GIVEN INFORMATION:
■ ■ ■

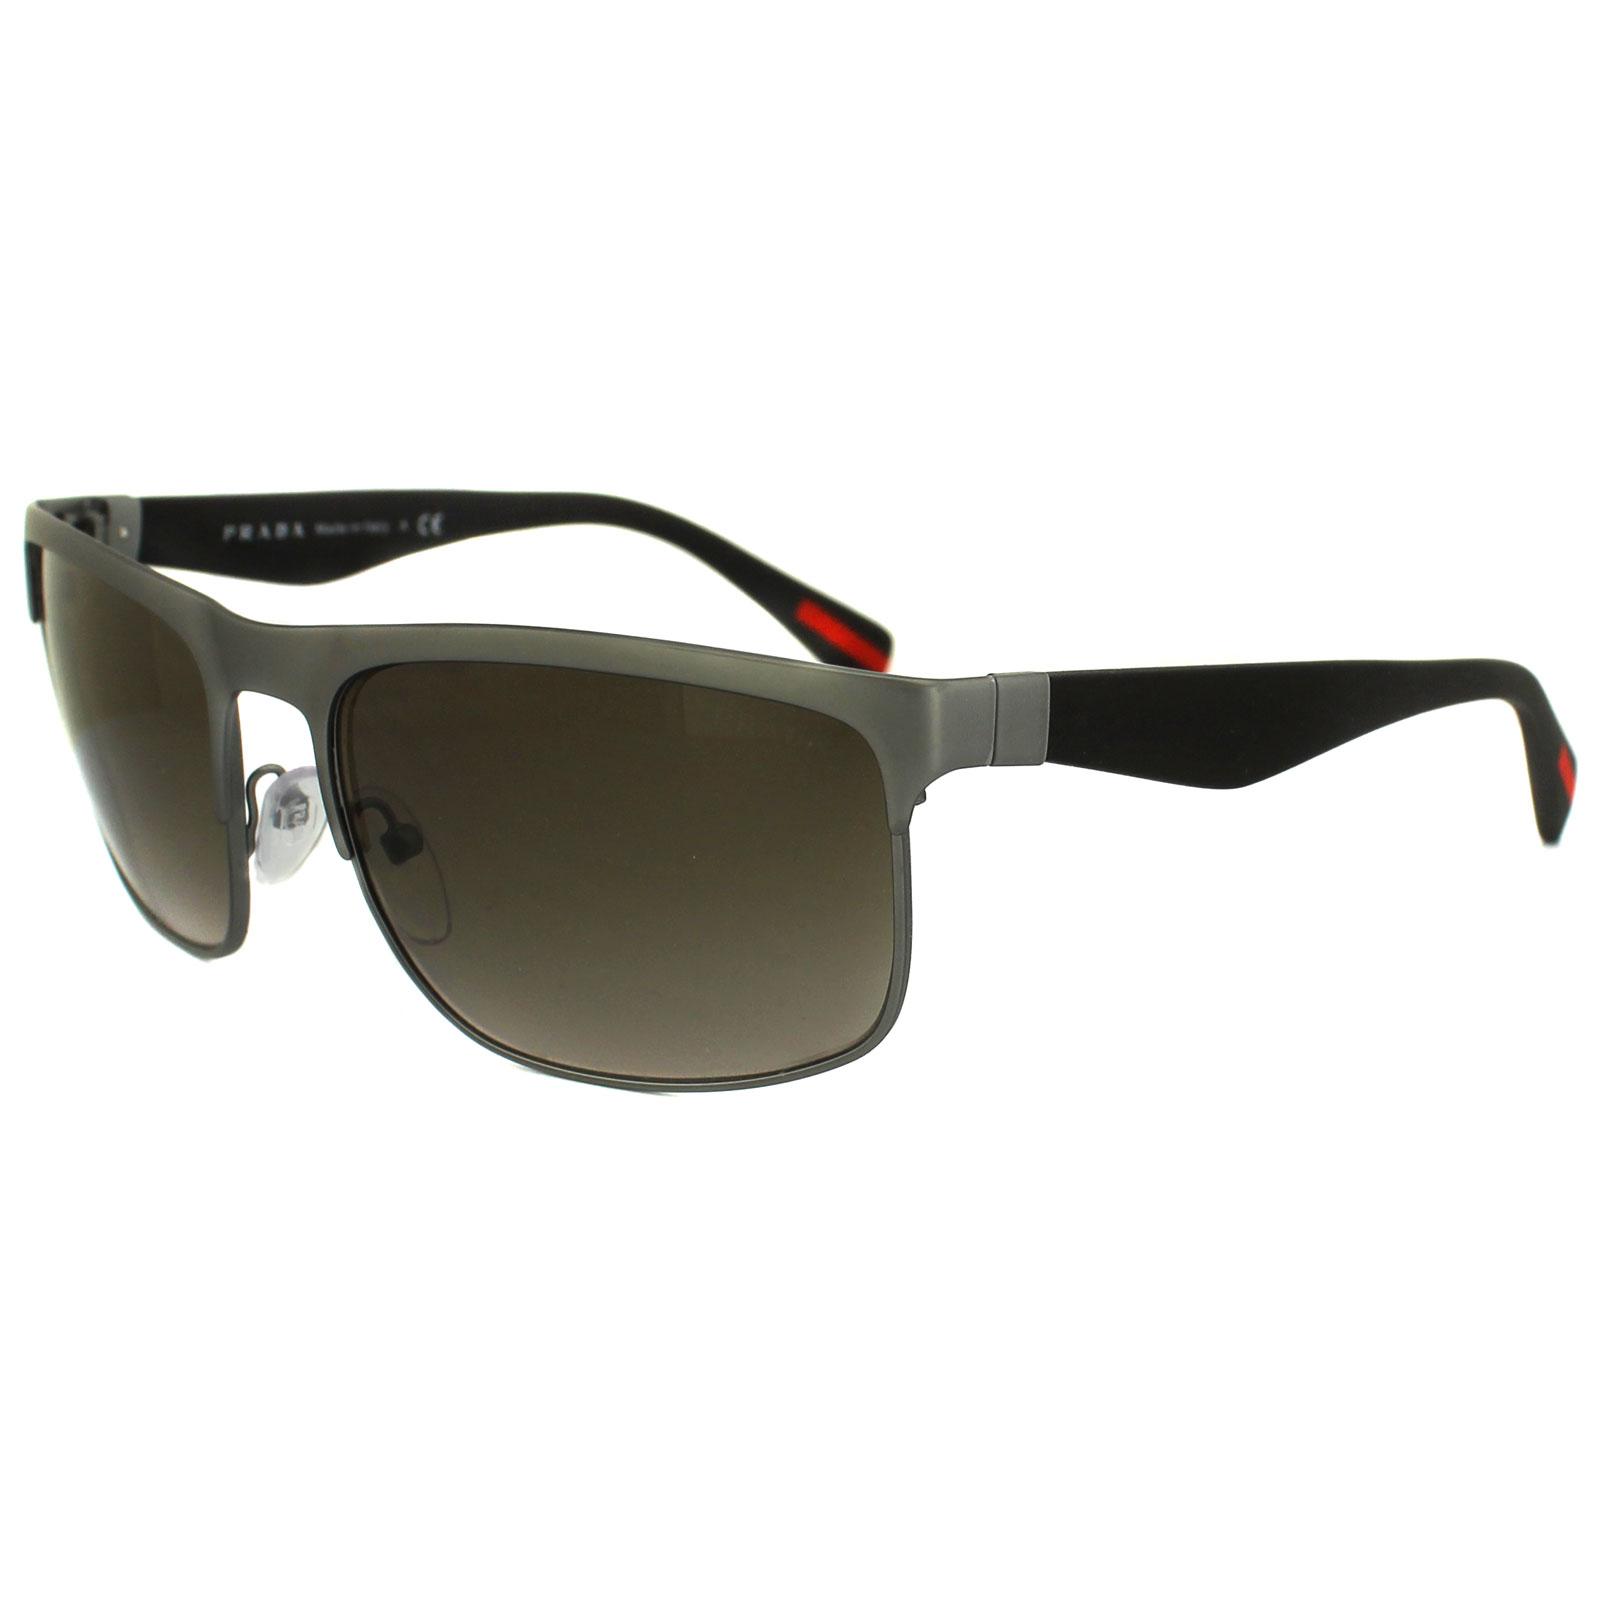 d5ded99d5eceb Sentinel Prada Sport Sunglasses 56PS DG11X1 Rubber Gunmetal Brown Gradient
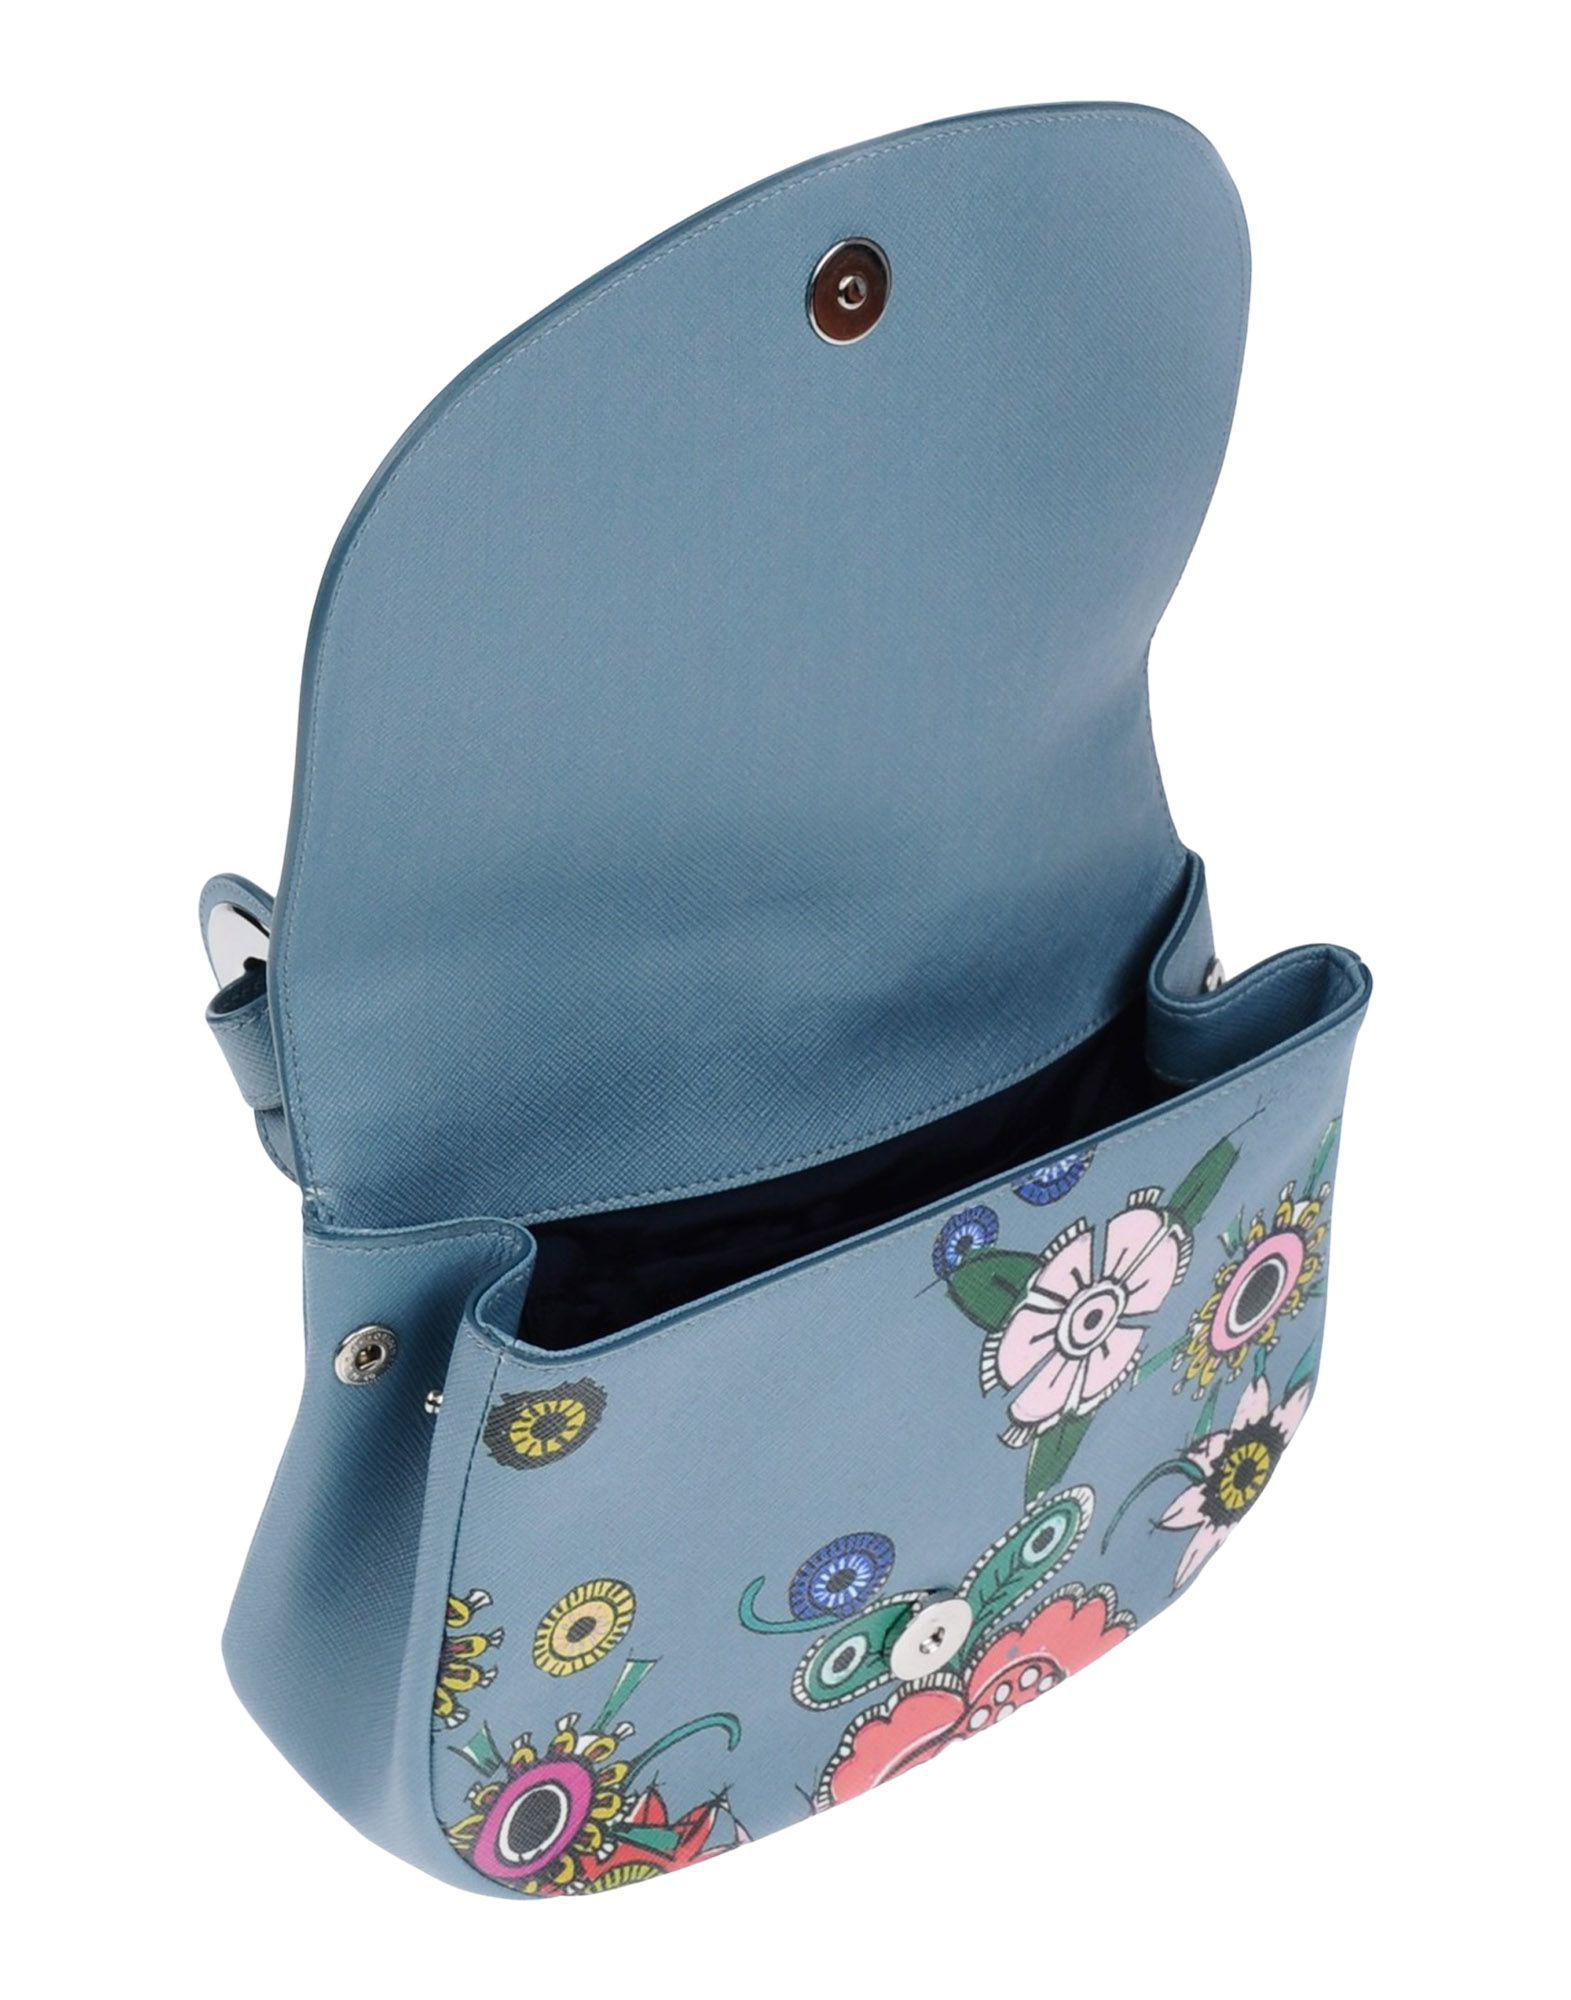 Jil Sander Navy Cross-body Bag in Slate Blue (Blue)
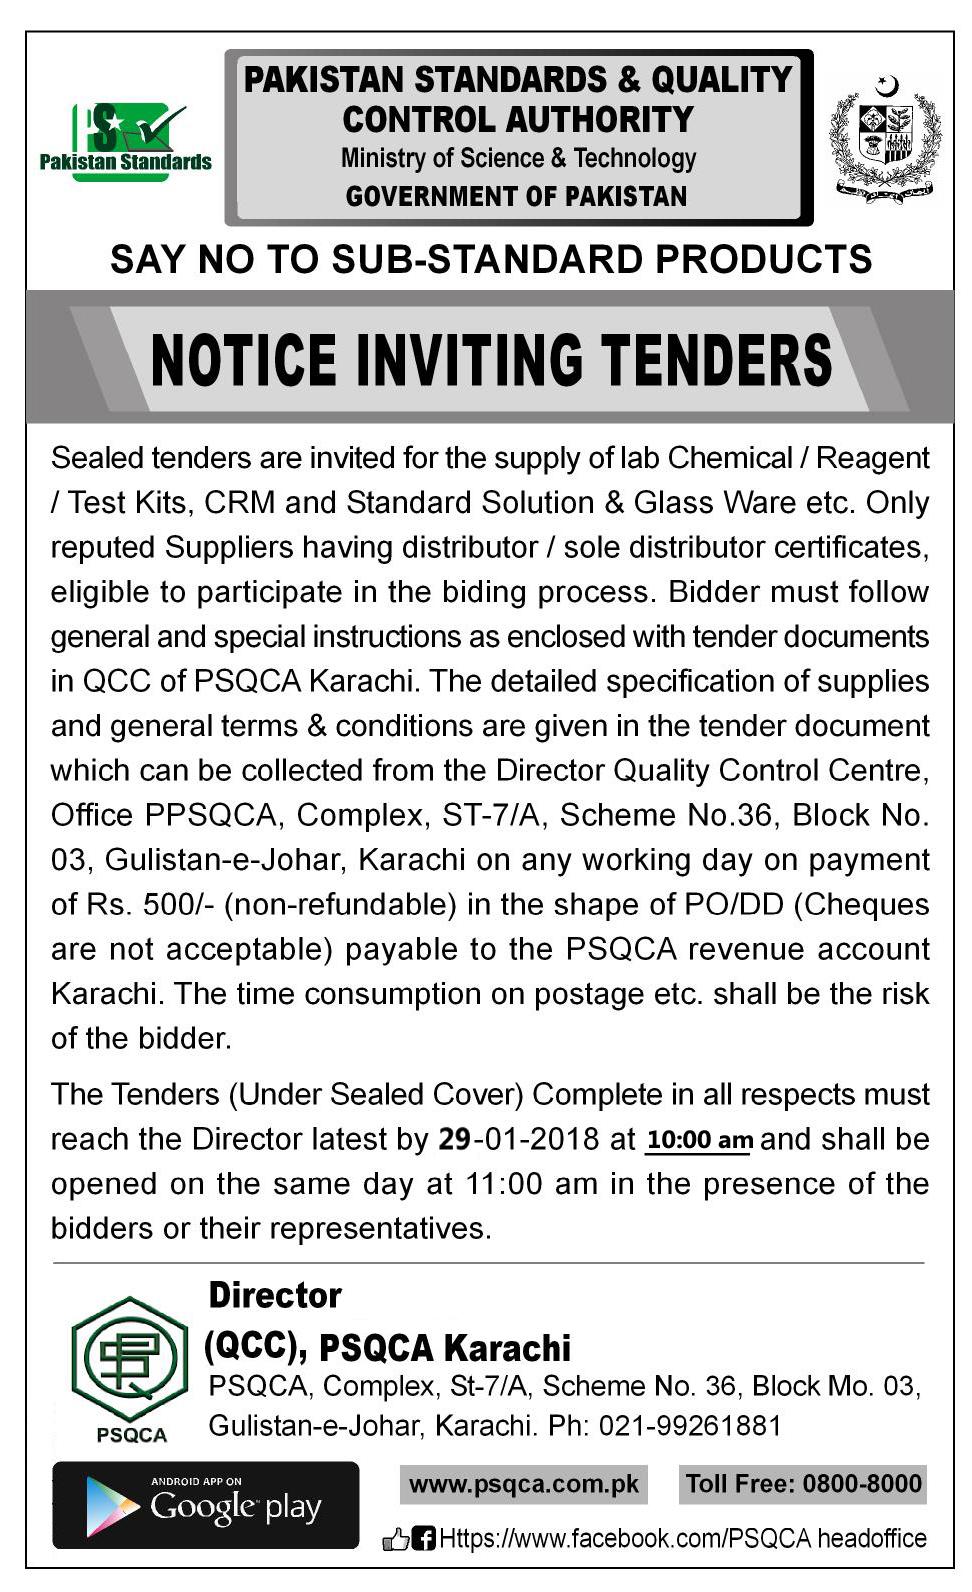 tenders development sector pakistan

■ ■ ■

YOUR GOAL: Transcribe every line from the one containing "Jil Sander Navy" to the end of the listing, exactly and exclusively. Do not carry any picture over.

SOLUTION TO THIS TASK:
 Jil Sander Navy Cross-body Bag in Slate Blue (Blue)
 tenders development sector pakistan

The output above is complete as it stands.